Create array of words from a string of text

Question

I would like to split a text into single words using PHP. Do you have any idea how to achieve this?

My approach:

function tokenizer($text) {
    $text = trim(strtolower($text));
    $punctuation = '/[^a-z0-9äöüß-]/';
    $result = preg_split($punctuation, $text, -1, PREG_SPLIT_NO_EMPTY);
    for ($i = 0; $i < count($result); $i++) {
        $result[$i] = trim($result[$i]);
    }
    return $result; // contains the single words
}
$text = 'This is an example text, it contains commas and full-stops. Exclamation marks, too! Question marks? All punctuation marks you know.';
print_r(tokenizer($text));

Is this a good approach? Do you have any idea for improvement?

Thanks in advance!

moinudin · Accepted Answer · 2009-04-26 11:20:31Z

31

Use the class \p{P} which matches any unicode punctuation character, combined with the \s whitespace class.

$result = preg_split('/((^\p{P}+)|(\p{P}*\s+\p{P}*)|(\p{P}+$))/', $text, -1, PREG_SPLIT_NO_EMPTY);

This will split on a group of one or more whitespace characters, but also suck in any surrounding punctuation characters. It also matches punctuation characters at the beginning or end of the string. This discriminates cases such as "don't" and "he said 'ouch!'"

edited Apr 26, 2009 at 11:20

answered Apr 26, 2009 at 10:24

moinudin

139k45 gold badges195 silver badges219 bronze badges

Sign up to request clarification or add additional context in comments.

10 Comments

Peter Perháč Over a year ago

+1, not sure, tho, how this will deal with äöüß. Does regex normally classify äöüß as word characters?

caw Over a year ago

Thank you. This would't probably work for English texts but I also want to extract German umlauts (ä, ö, ü), the "ß" and numbers in a string. The "\W" wouldn't extract "Fri3nd", would it?

moinudin Over a year ago

Seems it does not, but updated answer with something similar that works.

moinudin Over a year ago

Updated answer works with perl (which php regex are based on): $ echo "äöüß, test" | perl -e 'while (<>) { if (/([\p{P}\s]+)/) { print "$1\n"; } }' ,

Eugene Yokota Over a year ago

Should one split don't into don and t?

|

Community · Accepted Answer · 2023-11-17 20:38:18Z

14

Tokenize - strtok.

<?php
$text = 'This is an example text, it contains commas and full stops. Exclamation marks, too! Question marks? All punctuation marks you know.';
$delim = ' \n\t,.!?:;';

$tok = strtok($text, $delim);

while ($tok !== false) {
    echo "Word=$tok<br />";
    $tok = strtok($delim);
}
?>

edited Nov 17, 2023 at 20:38

CommunityBot

11 silver badge

answered Apr 26, 2009 at 10:23

Eugene Yokota

95.9k45 gold badges219 silver badges323 bronze badges

4 Comments

moinudin Over a year ago

This won't work if you get a : or ; or any other punctuation character you haven't accounted for.

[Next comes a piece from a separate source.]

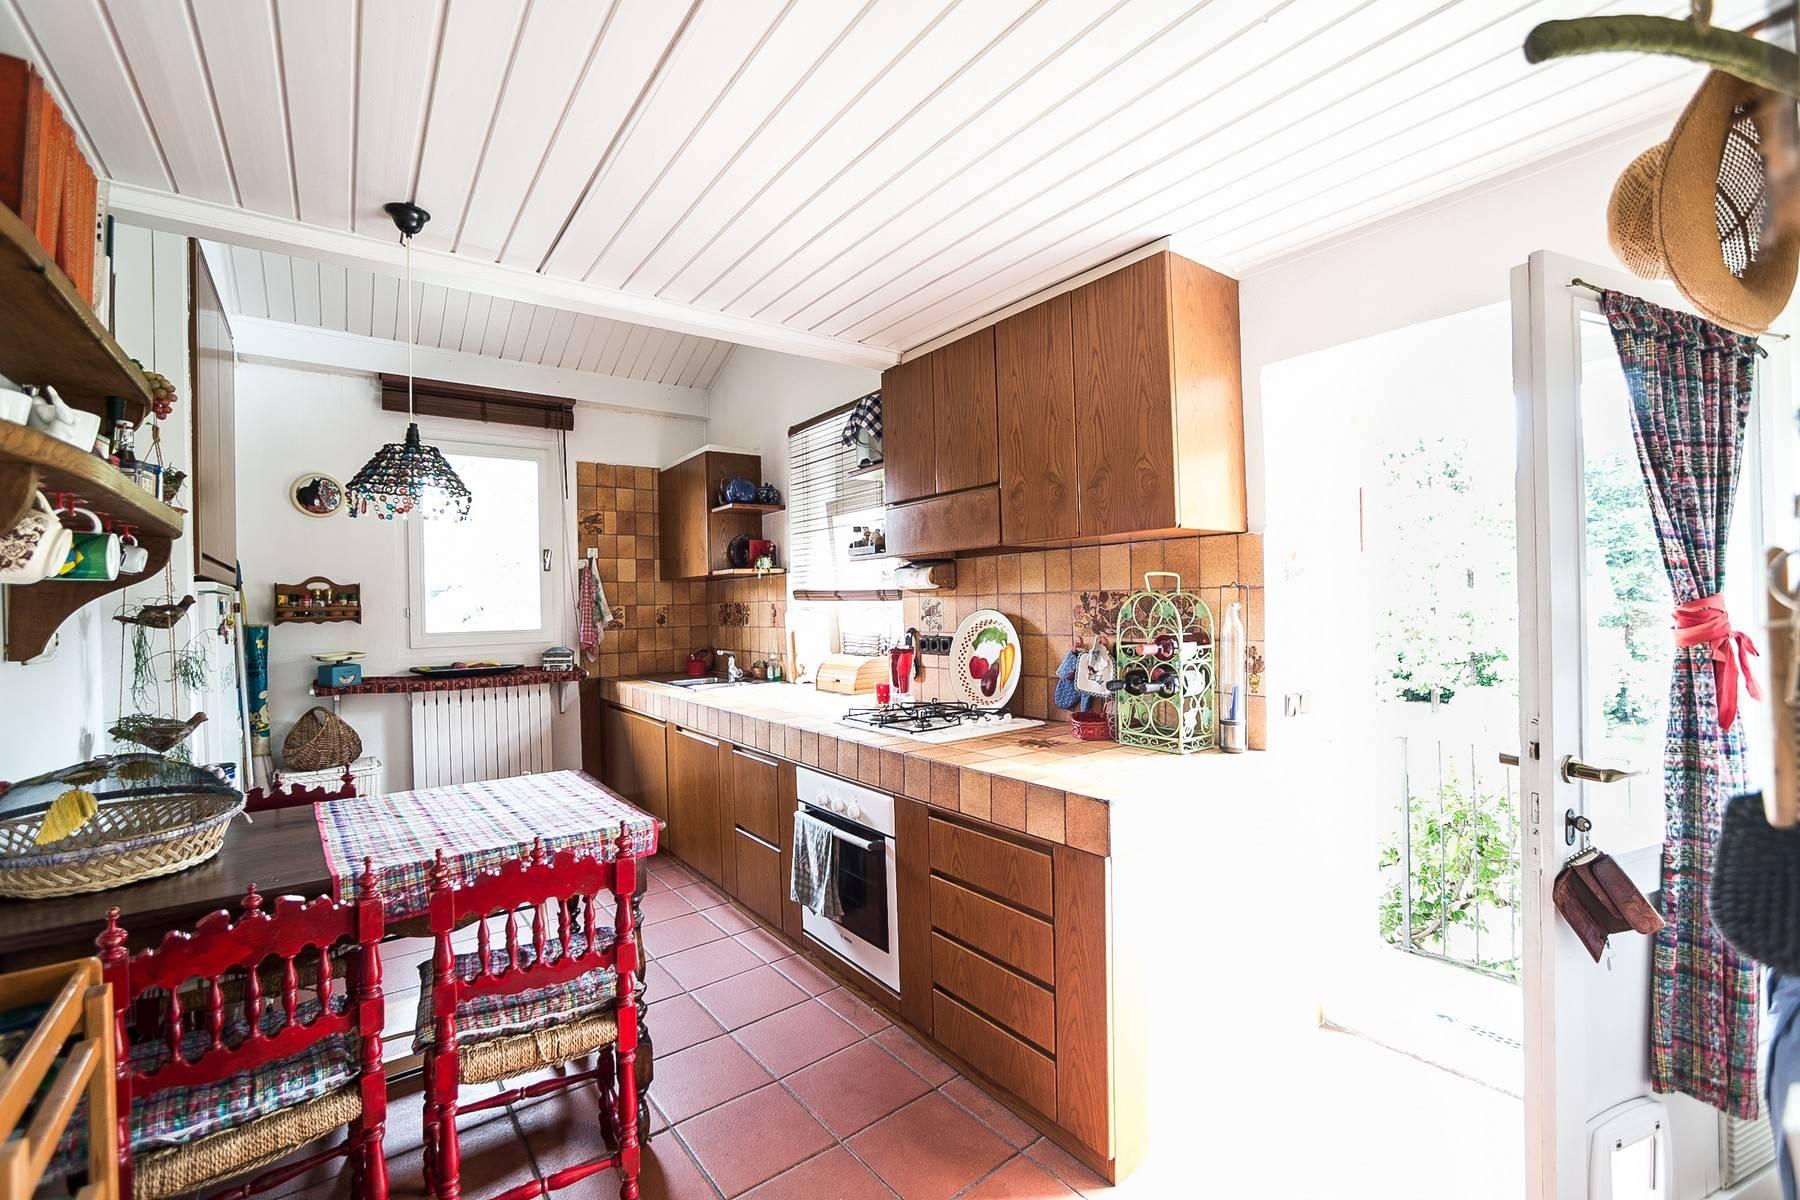 Villa in Vendita a Carimate: 5 locali, 800 mq - Foto 12

Eugene Yokota Over a year ago

@marcog, I added : and ;. Doesn't {P} catch apostrophe and hyphen?

moinudin Over a year ago

What about cases such quoting? My updated answer discriminates between these cases.

Oleksiy M. Over a year ago

Excellent idea. Added +1. The only thing is that there should be double quotes around $delim = " \n\t,.!?:;"; With the single quotes it does not work correctly, it splits by the letter n too.

Community · Accepted Answer · 2017-05-23 12:10:03Z

3

I would first make the string to lower-case before splitting it up. That would make the i modifier and the array processing afterwards unnecessary. Additionally I would use the \W shorthand for non-word characters and add a + multiplier.

$text = 'This is an example text, it contains commas and full stops. Exclamation marks, too! Question marks? All punctuation marks you know.';
$result = preg_split('/\W+/', strtolower($text), -1, PREG_SPLIT_NO_EMPTY);

Edit Use the Unicode character properties instead of \W as marcog suggested. Something like [\p{P}\p{Z}] (punctuation and separator characters) would cover the characters more specific than \W.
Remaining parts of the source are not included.